Но Яхья, вытряхнув галлию с ложечки на ладонь, бережно провел рукой по бороде, потом так же бережно положил ложечку в коробку, закрыл крышку и протянул коробку халифу:
— Возьми, повелитель правоверных, эта галлия достойна тебя!
Харун, не двигаясь, приказал:
— Пусть кто-нибудь возьмет у него коробку!
Неожиданно Ибн Абу Марьям вскочил:
— Подари ее мне, повелитель правоверных, а наши поэты прославят твою щедрость.
— Бери, — кивнул Харун.
Подскочив к Яхье, Ибн Абу Марьям выхватил коробку у него из рук. Тот смотрел на него, открыв рот, потом перевел взгляд на халифа:
— Повелитель правоверных!
Ибн Абу Марьям перебил его:
— Какая галлия! Она достойна моего зада, клянусь жизнью!
Он раскрыл коробку и, вынув пригоршню галлии, запустил руку себе в шаровары. Яхья побагровел:
— Повелитель правоверных! — прохрипел он.
Но Харун махнул рукой и засмеялся, а Ибн Абу Марьям причмокнул:
— Какая галлия! Она холодит и исцеляет, ее благоухание подобно запаху из твоих уст, о Яхья! Эй, гулям, возьми коробку, отнеси моей жене и скажи, чтобы она умастилась ею и подготовилась к моему приходу. Но сначала я должен умаститься сам!
Ибн Абу Марьям взял еще одну пригоршню галлии и намазал себе лицо. Он стал похож на уродливую обезьяну с черной мордой, Хасан видел таких в зверинце халифа.
— Нечестивец, проклятый шут, чтоб Аллах покарал тебя! — взвизгнул Яхья.
Но тот крикнул ему в ответ:
— Глупый старик, ты приходишь к повелителю правоверных, которому доступна луна с небес и все, что есть в этом мире, и хвалишься перед ним своей галлией, будто купец или разносчик! Ты не знаешь, как вести себя в его высоком присутствии!
Яхья вскочил:
— Повелитель правоверных, и ты не накажешь этого проклятого, который оскорбляет потомков пророка?
Харун пожал плечами:
— Он шутит, разве ты не видишь?
— Раз ты называешь это шуткой, ты увидишь, какую шутку приготовлю тебе я! — с вызовом произнес Яхья.
— Ты угрожаешь мне?
— Нет, просто говорю о том, что может случиться в скором времени. Привет тебе, Харун!
Путаясь в полах одежды, Яхья бросился к выходу. Все расхохотались: взбешенный старик, и правда, выглядел нелепо, особенно рядом с гримасничающим шутом. Хасан тоже смеялся. Вот как шутят во дворце повелителя правоверных! Басрийские лодочники и багдадские мясники намного изобретательнее в своих насмешках. По правде говоря, Хасан не ожидал этого. Но он в первый раз приглашен к халифу вечером, как придворный «собеседник» — с этого дня его должны внести в списки, и он станет получать каждый месяц жалованье, сколько — еще не знает. Фадл говорил, что все зависит от того, как он проявит себя, — сочтут ли его достаточно остроумным.

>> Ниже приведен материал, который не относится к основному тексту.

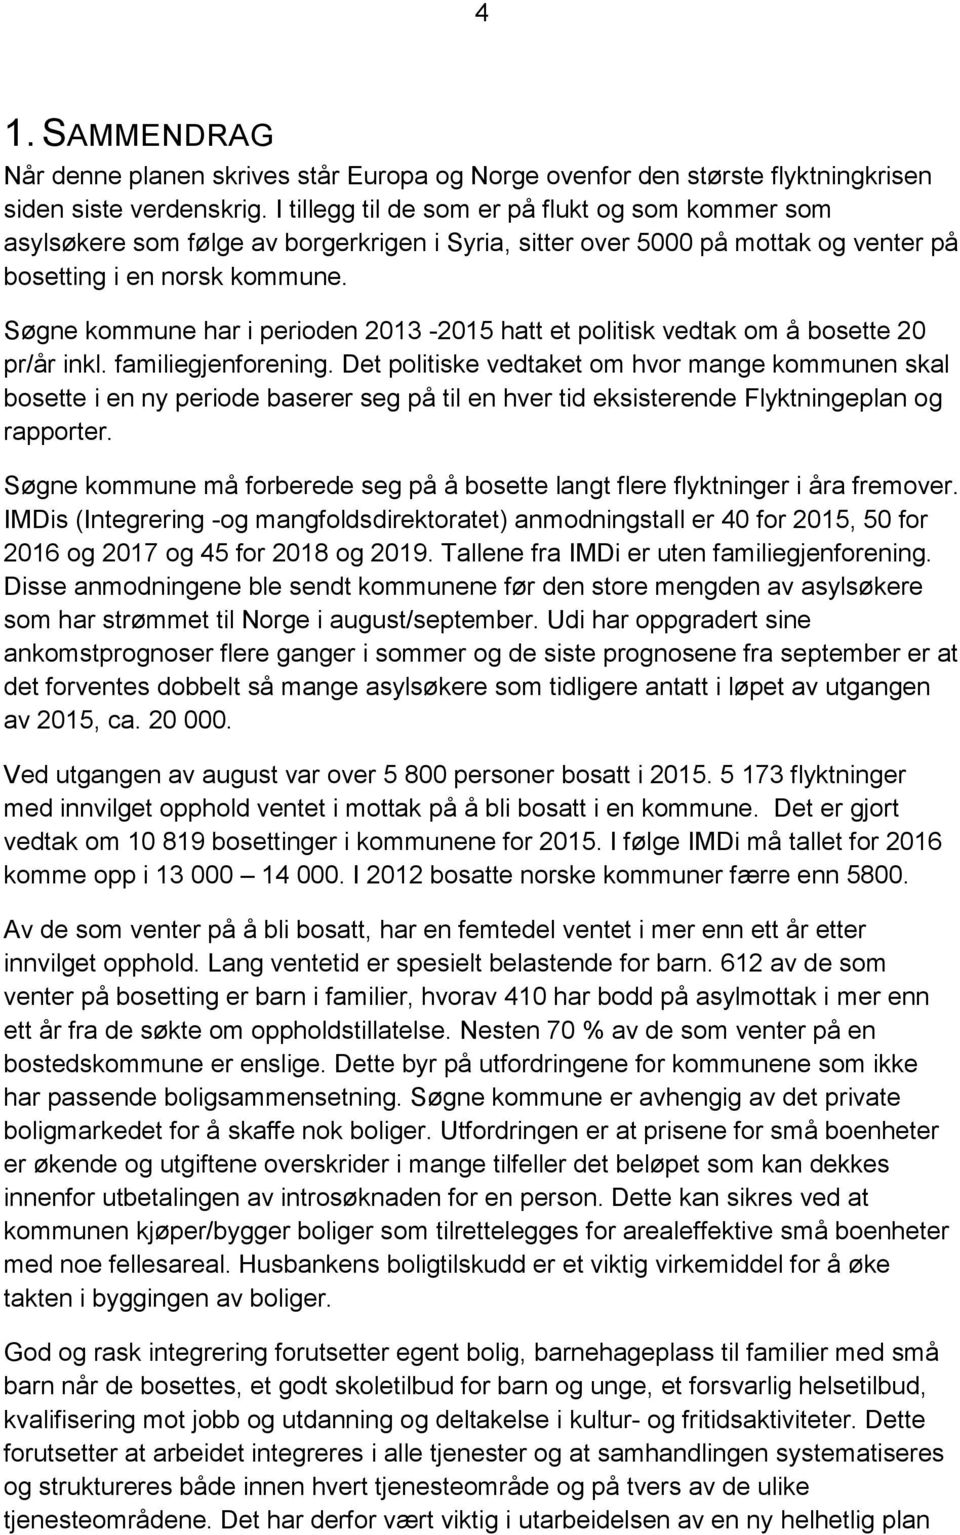 Søgne kommune har i perioden 2013-2015 hatt et politisk vedtak om å bosette 20 pr/år inkl. familiegjenforening.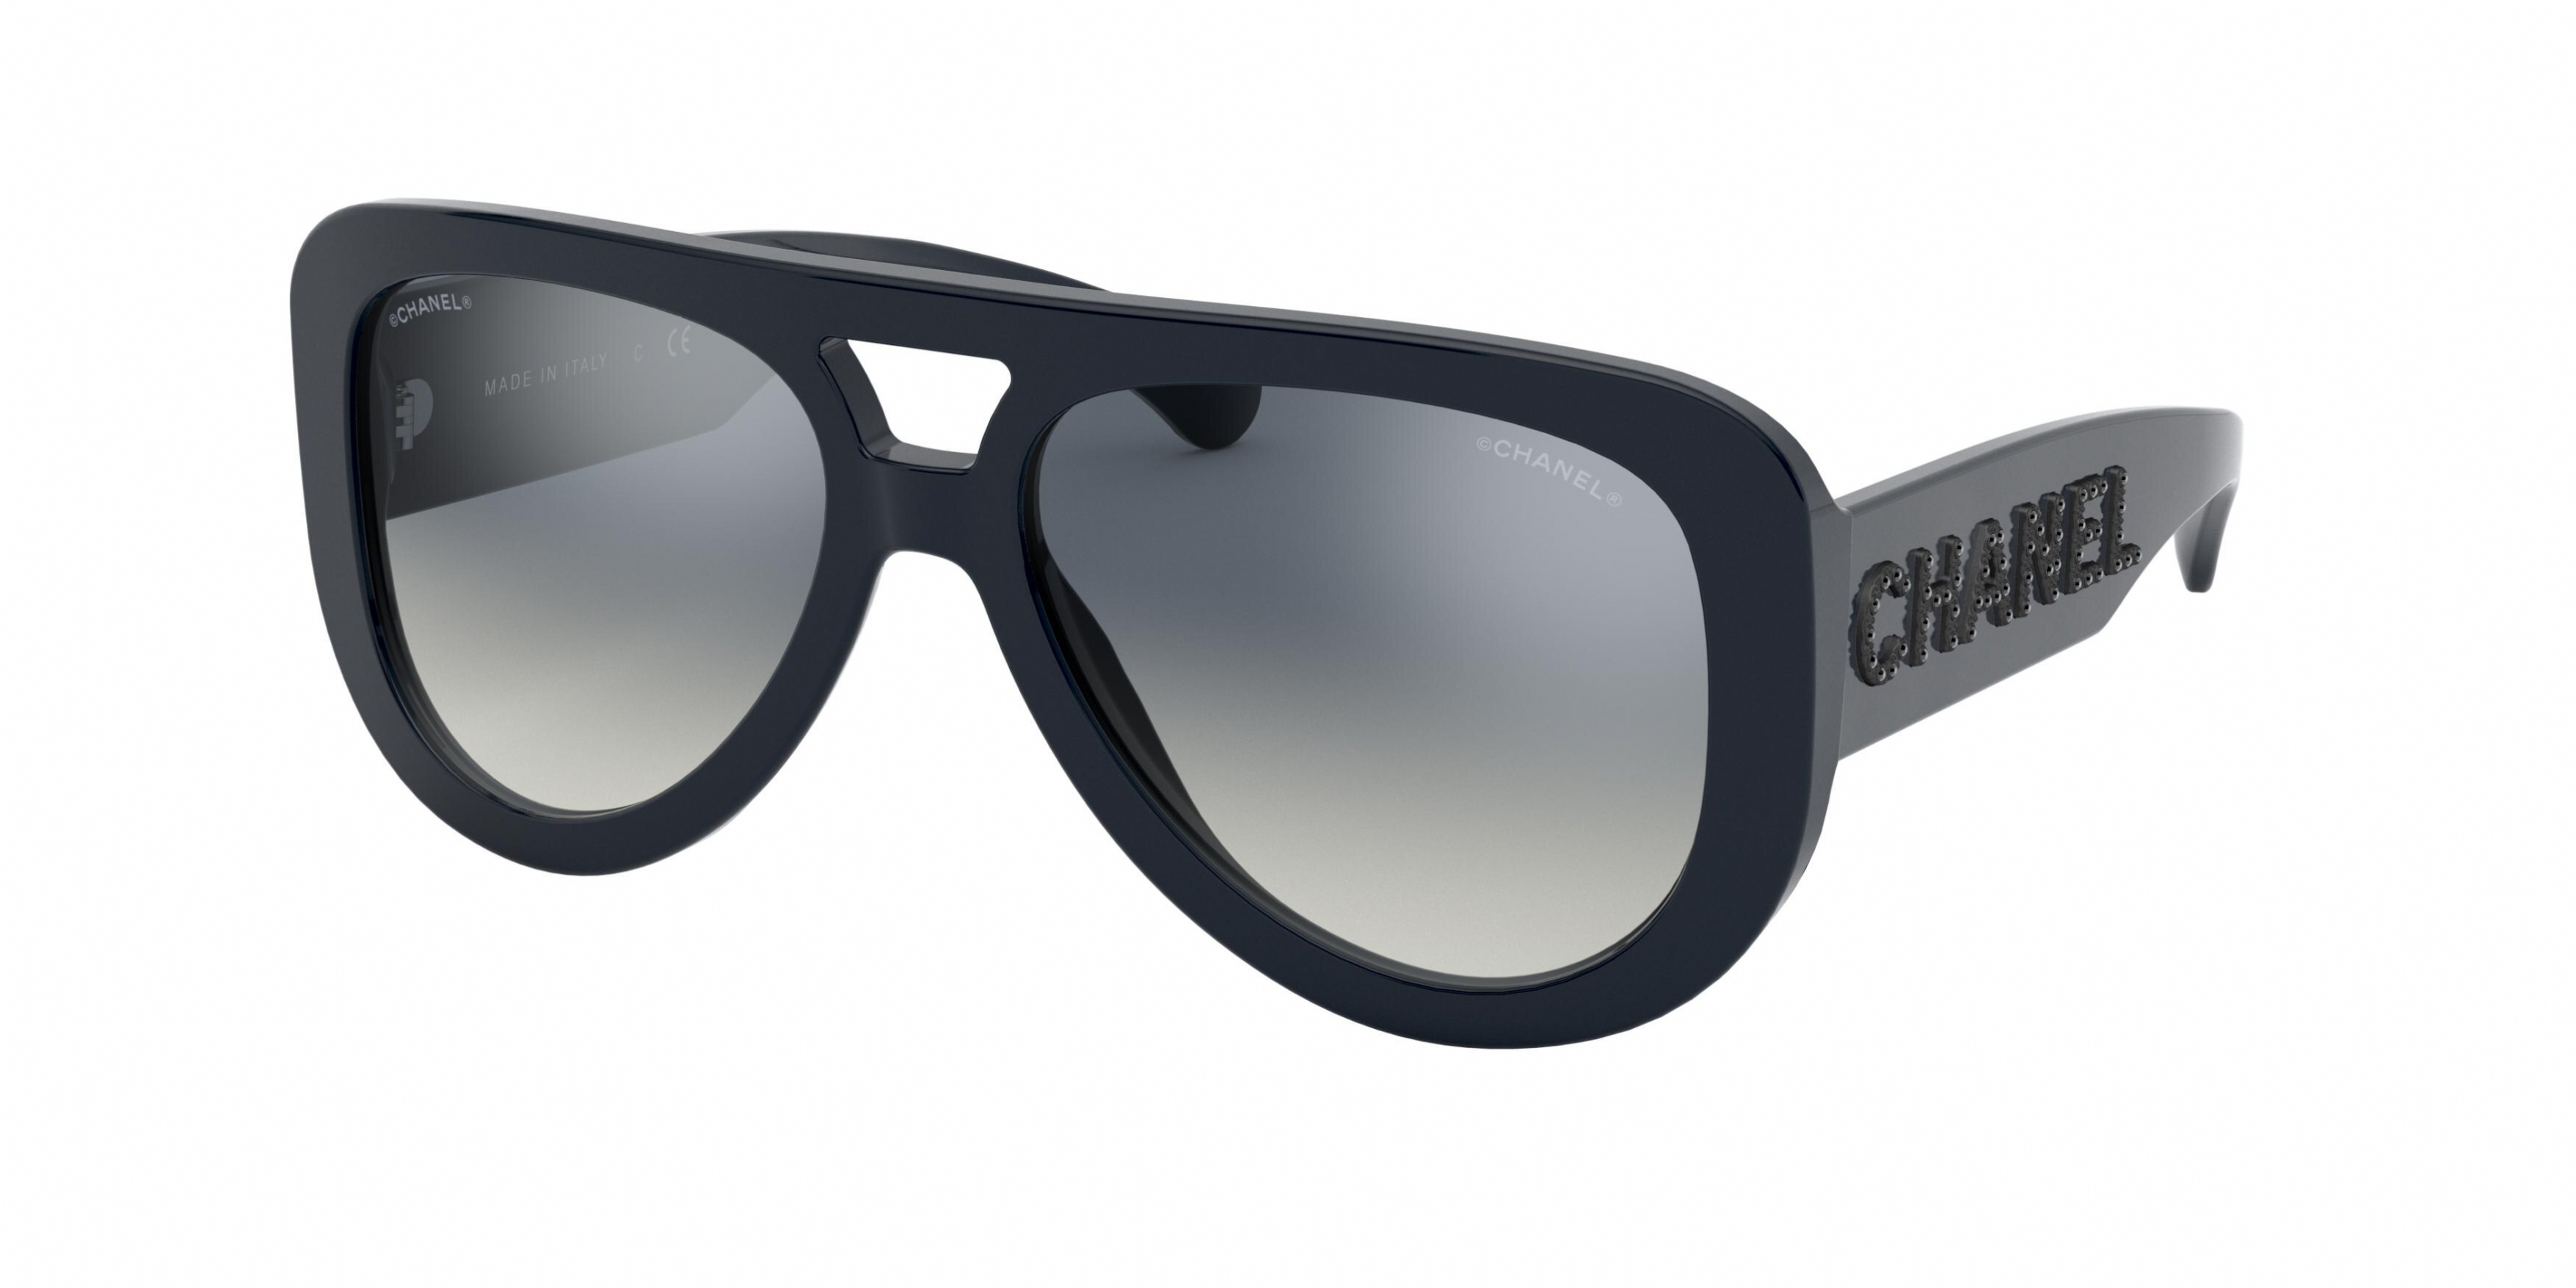 Chanel 5423b Sunglasses

Теперь он увидел, что здесь считают «остроумием». Конечно, Хасан не сочувствовал Яхье ибн Абдаллаху, его просто поразило, какой успех имела наглая выходка халифского шута. Возможно, от него ждут шуток того же пошиба? И как непохоже то, что он видел сейчас, на тронный прием Харуна! Какими величественными и недоступными казались тогда эти люди, которые сейчас ведут себя как басрийские гуляки:
Фадл ибн ар-Раби не раз предупреждал Хасана: «Не вздумай смеяться над кем-нибудь из рода Бармака — они могущественны и злопамятны, ведь Джафар — молочный брат Харуна, мать его кормила нынешнего халифа своим молоком, а Хайзуран нянчила Джафара, когда они были в Рее. Только Аллах знает, как велики богатства рода Бармака и каким путем они добыты».
Хасан знал, что между Фадлом и Джафаром идет постоянная борьба, но тот, кому это было неизвестно, ничего не заметил бы: на торжественных приемах Фадл проводил Джафара к халифу первым, а тот превозносил перед Харуном сдержанность Фадла, его умение держать себя и даже его внешность — высокий рост и прямую осанку…
Одного слова Фадла оказалось достаточно для того, чтобы открыть Хасану доступ во дворец Хульд, где теперь жил Харун. Поэт долго готовился к этому дню, от него зависело все его будущее. Правда, Хасан видел, что понравился халифу, но ему предстоить еще подтвердить свою славу поэта, чтобы не стать шутом вроде Ибн Абу Марьяма. Хасан отвык писать восхваления-мадхи — за то время, что он в Багдаде, пока не написал ни одного.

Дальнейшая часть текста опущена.